|US hopes closer co-action against terror|
27 June 2012
WASHINGTON: The US State Department on Tuesday hoped that with a new prime minister in place, Washington’s ties with Islamabad would soon be back on track not only on political and economic issues, but also on issues related to counter-terrorism, Geo News reported.
“Now that there is a declared successor, the US hopes to be able to move on together and to continue to work on strengthening not only our political and economic relationship, but our counterterrorism relationship and get back on track there", State Department spokesperson Victoria Nuland told reporters.
The United States has been working with the Pakistani government all along, she said, adding that the Pentagon just announced a senior-level visit to Pakistan for tomorrow.
"So we will continue to try to keep those channels open and do what we can to improve the situation," she said.

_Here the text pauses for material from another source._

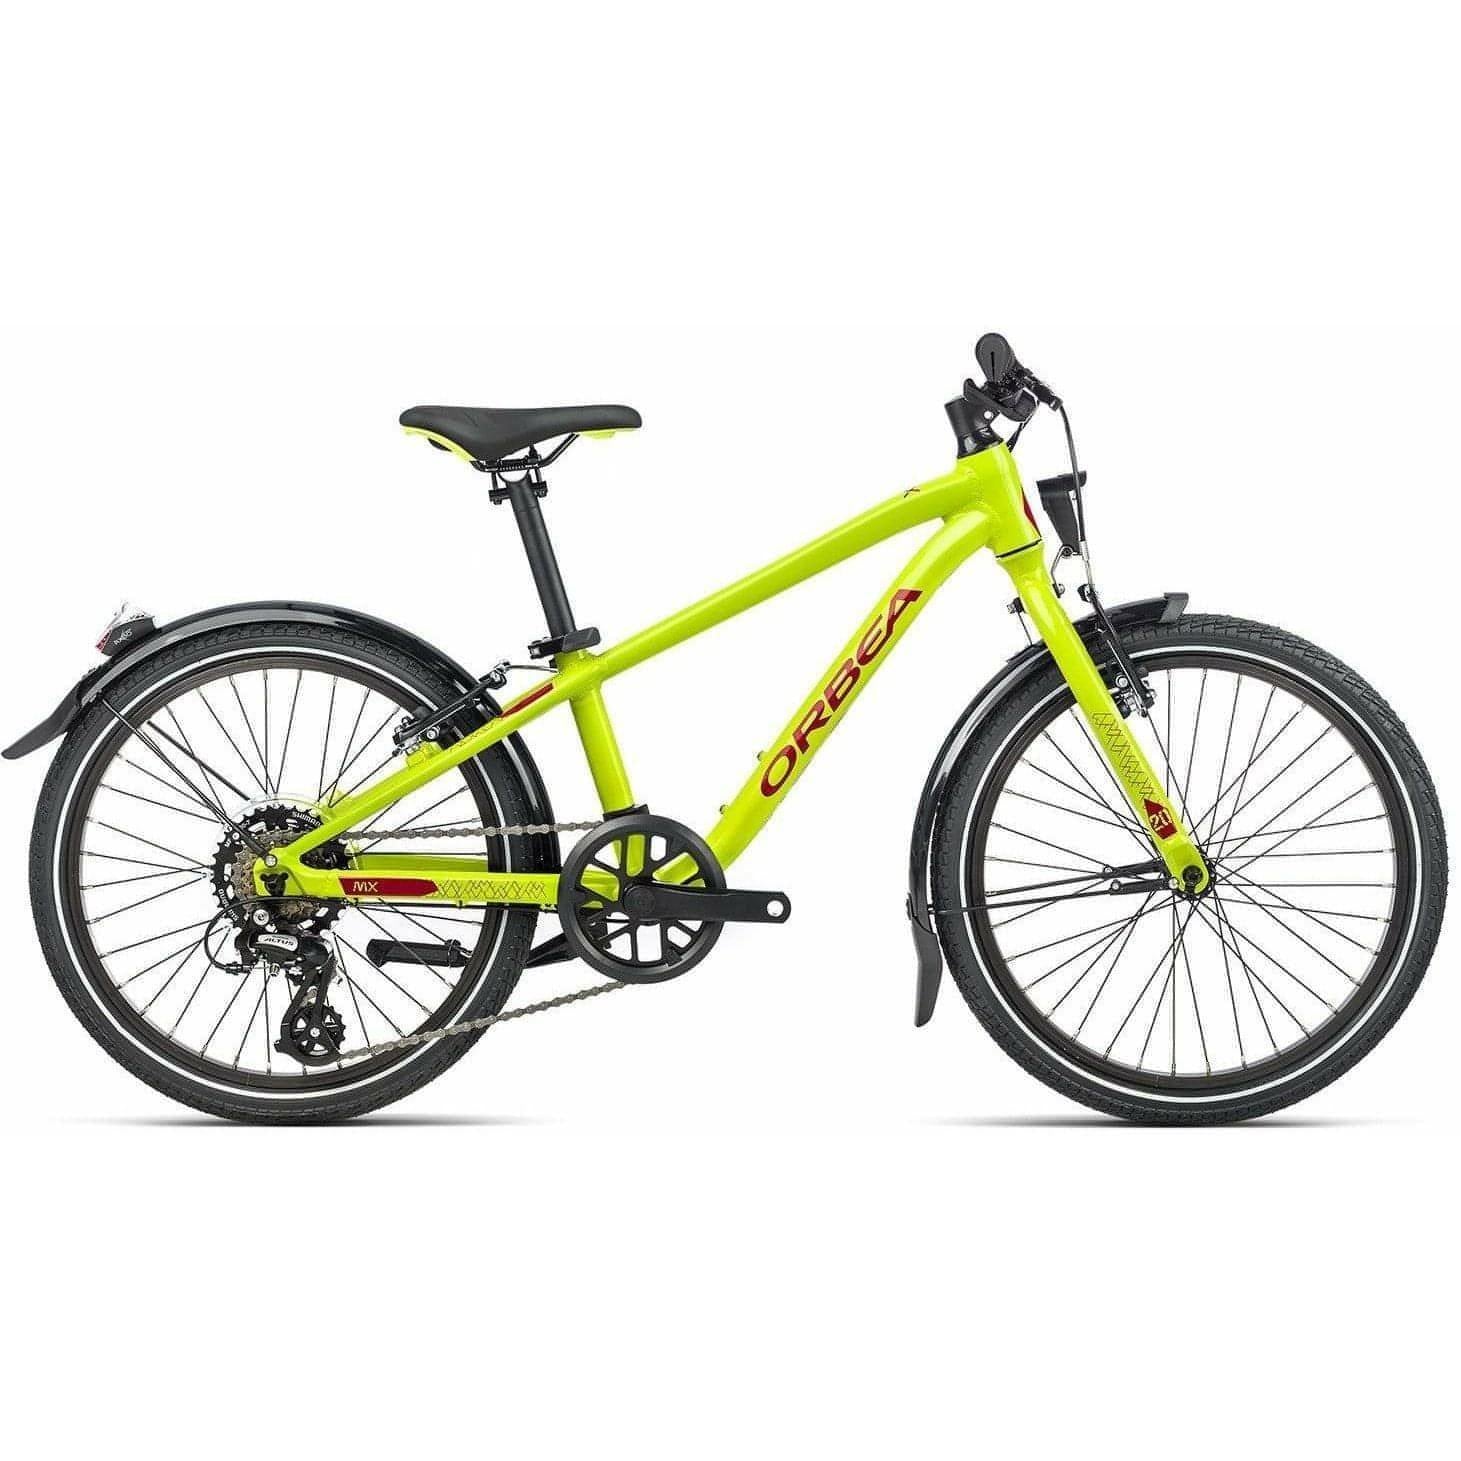 Orbea MX 20 Park Junior Bike 2021 - Lime 8434446768750 - Start Fitness

Nuland also acknowledged that there are frustrations on both sides of the border over militant activities and called for respect for sovereignty and territorial integrity in addressing cross-border terrorism.
“Our pitch will be again for increased cooperation between Afghanistan and Pakistan on these terrorists issues, working together in the core group in a trilateral way NATO/ISAF, Pakistan and Afghanistan to try to deal with terrorism on both sides of the border,” State Department spokesperson said.
“It speaks to why we want to get back on track in our own counter-terrorism cooperation with Pakistan,” she added.
Nuland was responding to a question regarding Pakistan’s lodging a strong protest that the NATO and Afghan forces were not taking any action against the safe havens on the Afghan side, which the militants use for attacking Pakistani border areas.
Pakistani officials said about 100 militants from across the Afghan border entered Dir and clashed with Pakistani security forces on patrol duty. The militants also targeted two security check posts near the Pakistan-Afghan border in Barawal, Upper Dir district.
When asked if Washington would support Pakistani troops crossing over the Afghan border to attack militant safe havens, Nuland said, “Again, both sides need to respect sovereignty, territorial integrity but they need to work together in how they are each going to deal with problems on their own side of the border. I think there are frustrations on both sides.”